» Problem statement
All of the data must be output exactly, with every picture left out.

» Dataset content
++++++++++++++++++++

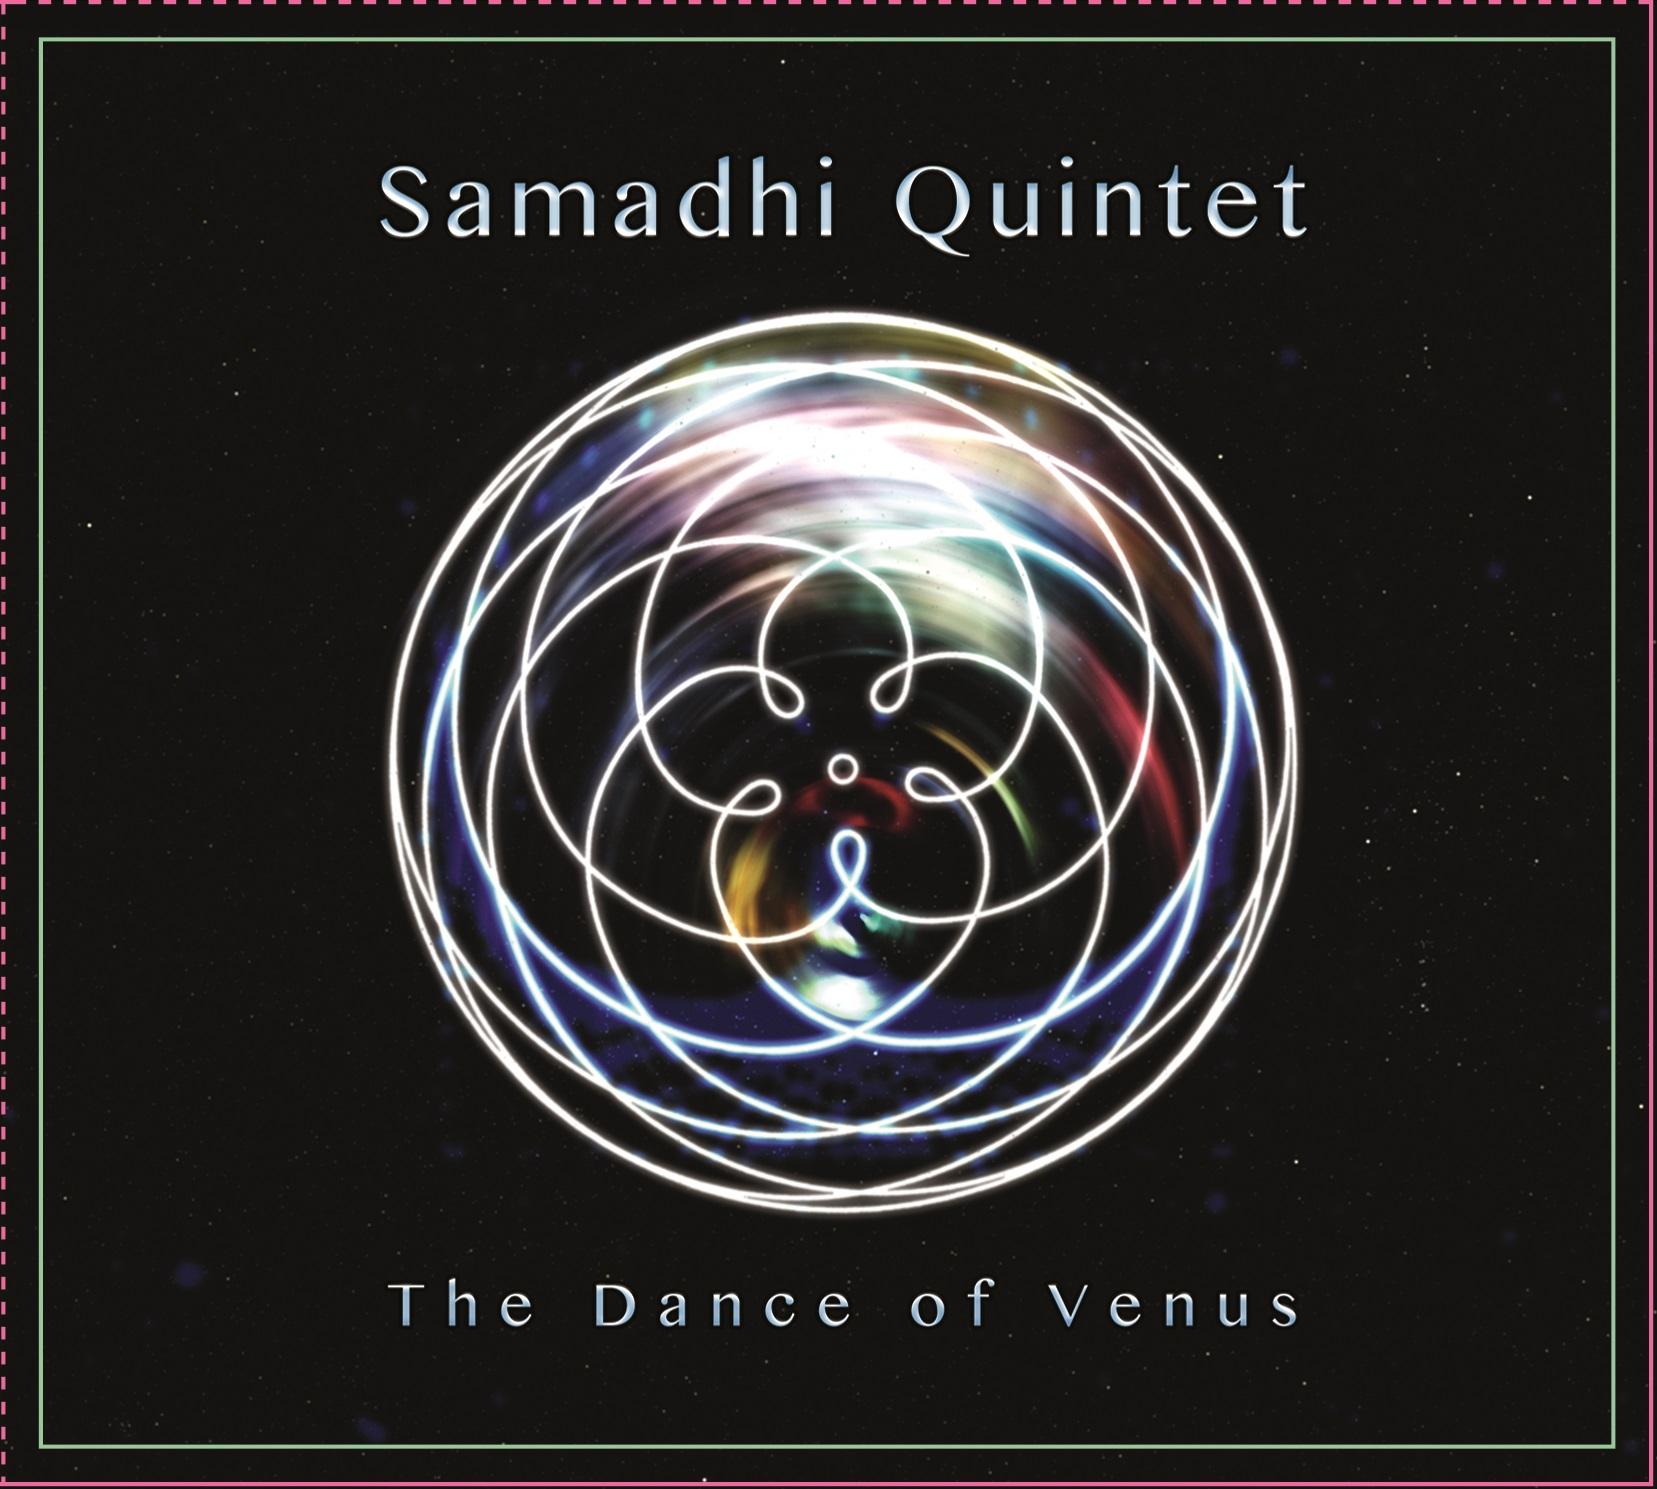 The Dance of Venus
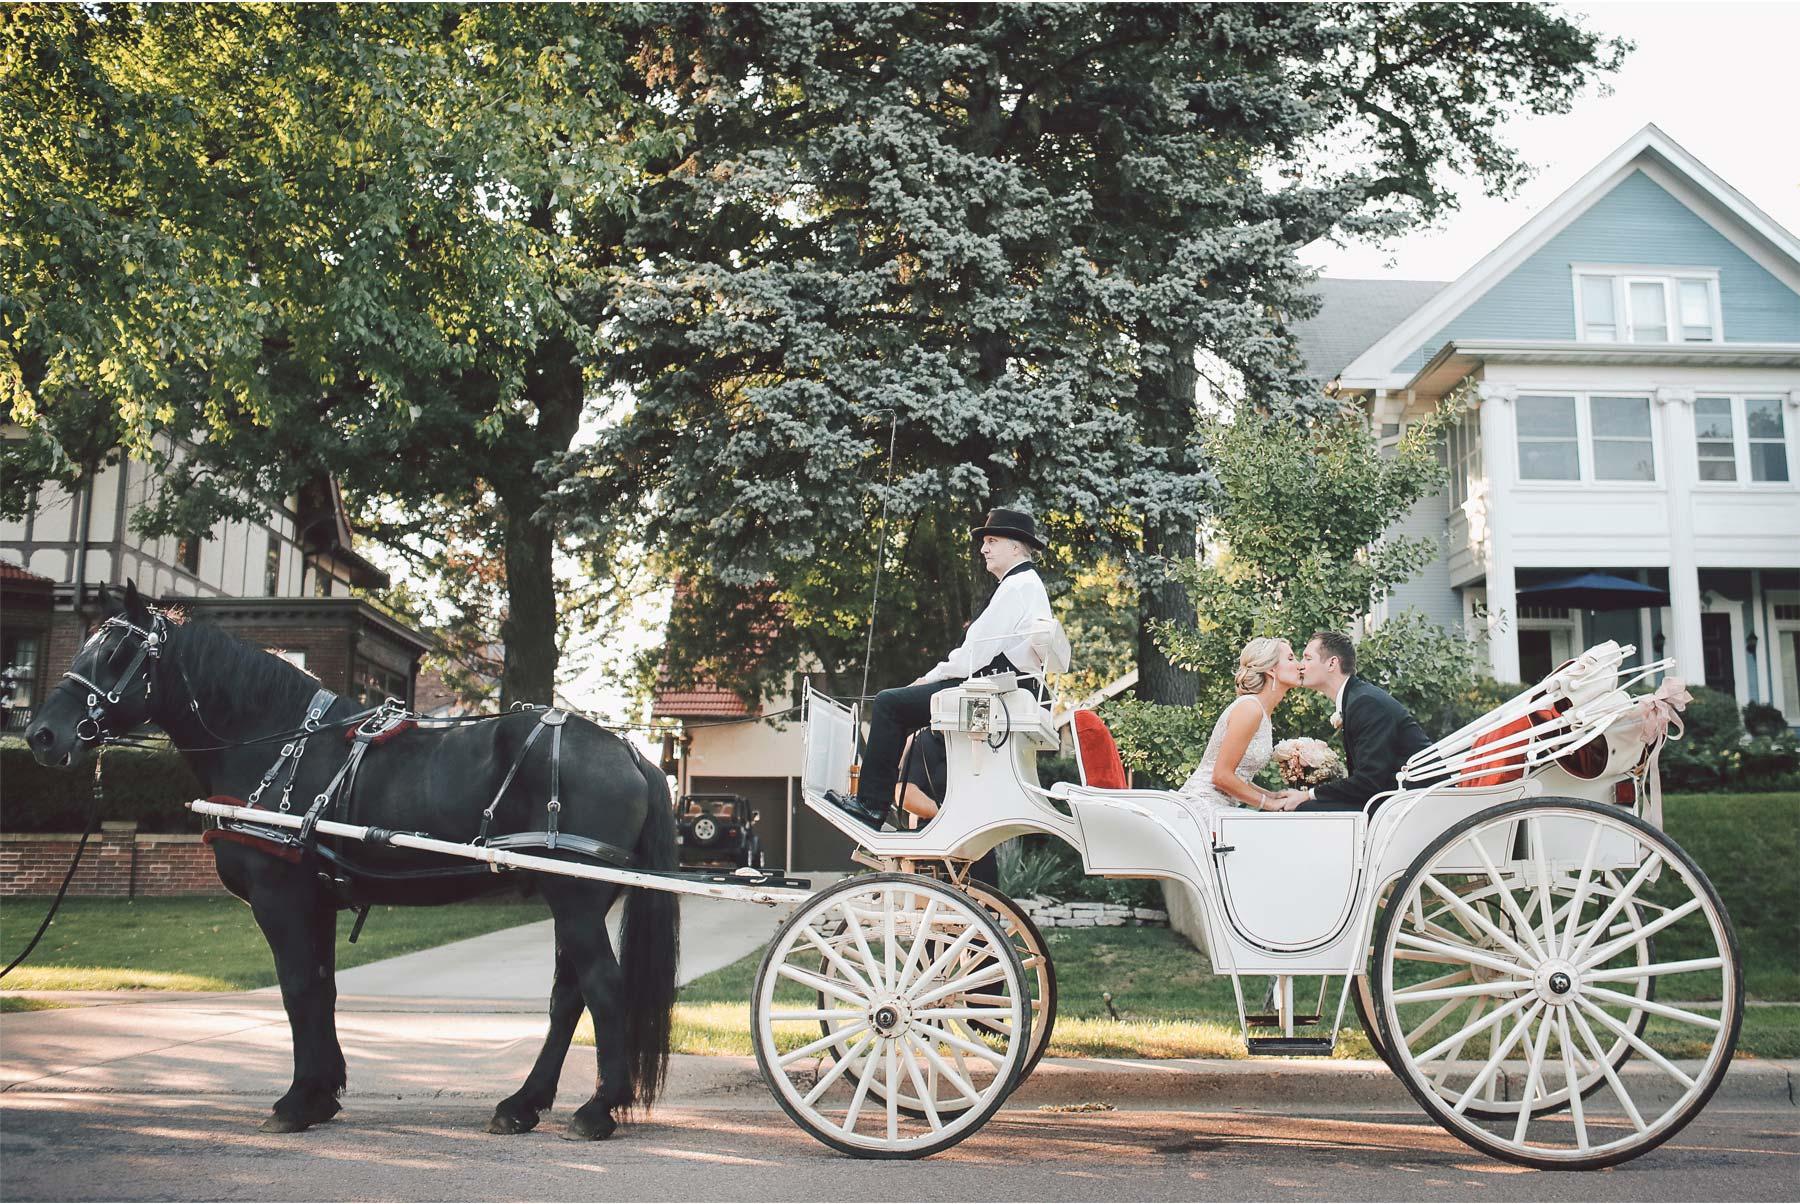 15-Minneapolis-Minnesota-Wedding-Photography-by-Vick-Photography-Ceremony-Lake-of-the-Isles-Lutheran-Church-Horse-Carraige-Send-Off-Jenna-and-Josh.jpg
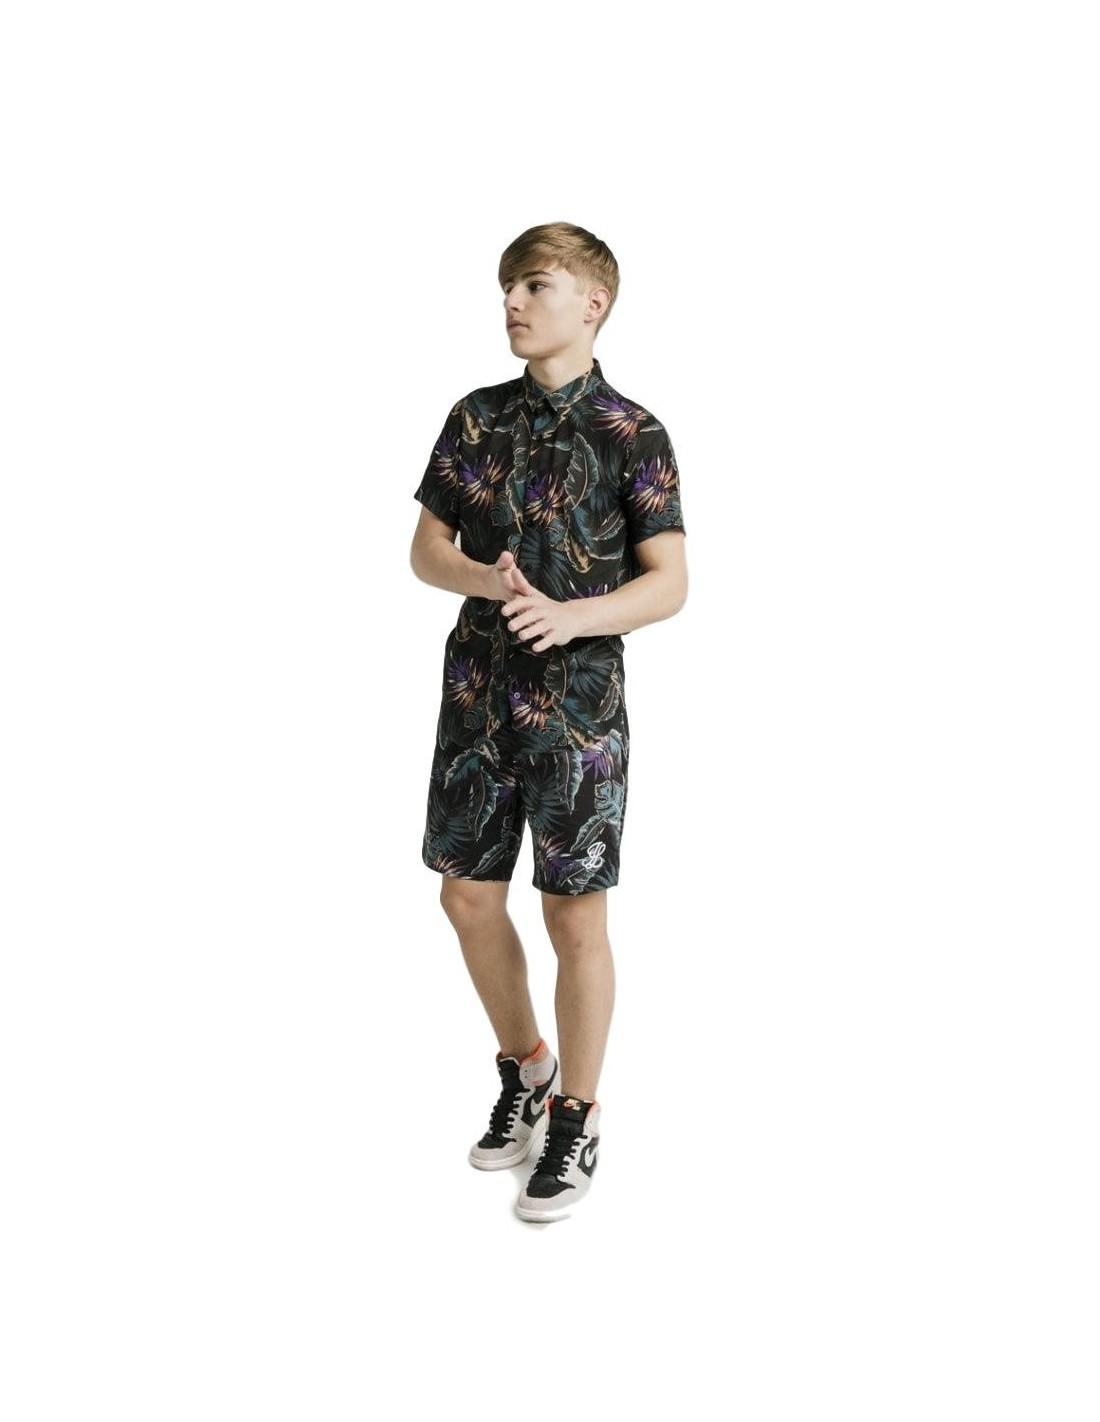 New ILLUSIVE LONDON Boys' Palm Swim Shorts

++++++++++++++++++++

» Response to this task
 The Dance of Venus
 15-Minneapolis-Minnesota-Wedding-Photography-by-Vick-Photography-Ceremony-Lake-of-the-Isles-Lutheran-Church-Horse-Carraige-Send-Off-Jenna-and-Josh.jpg
 New ILLUSIVE LONDON Boys' Palm Swim Shorts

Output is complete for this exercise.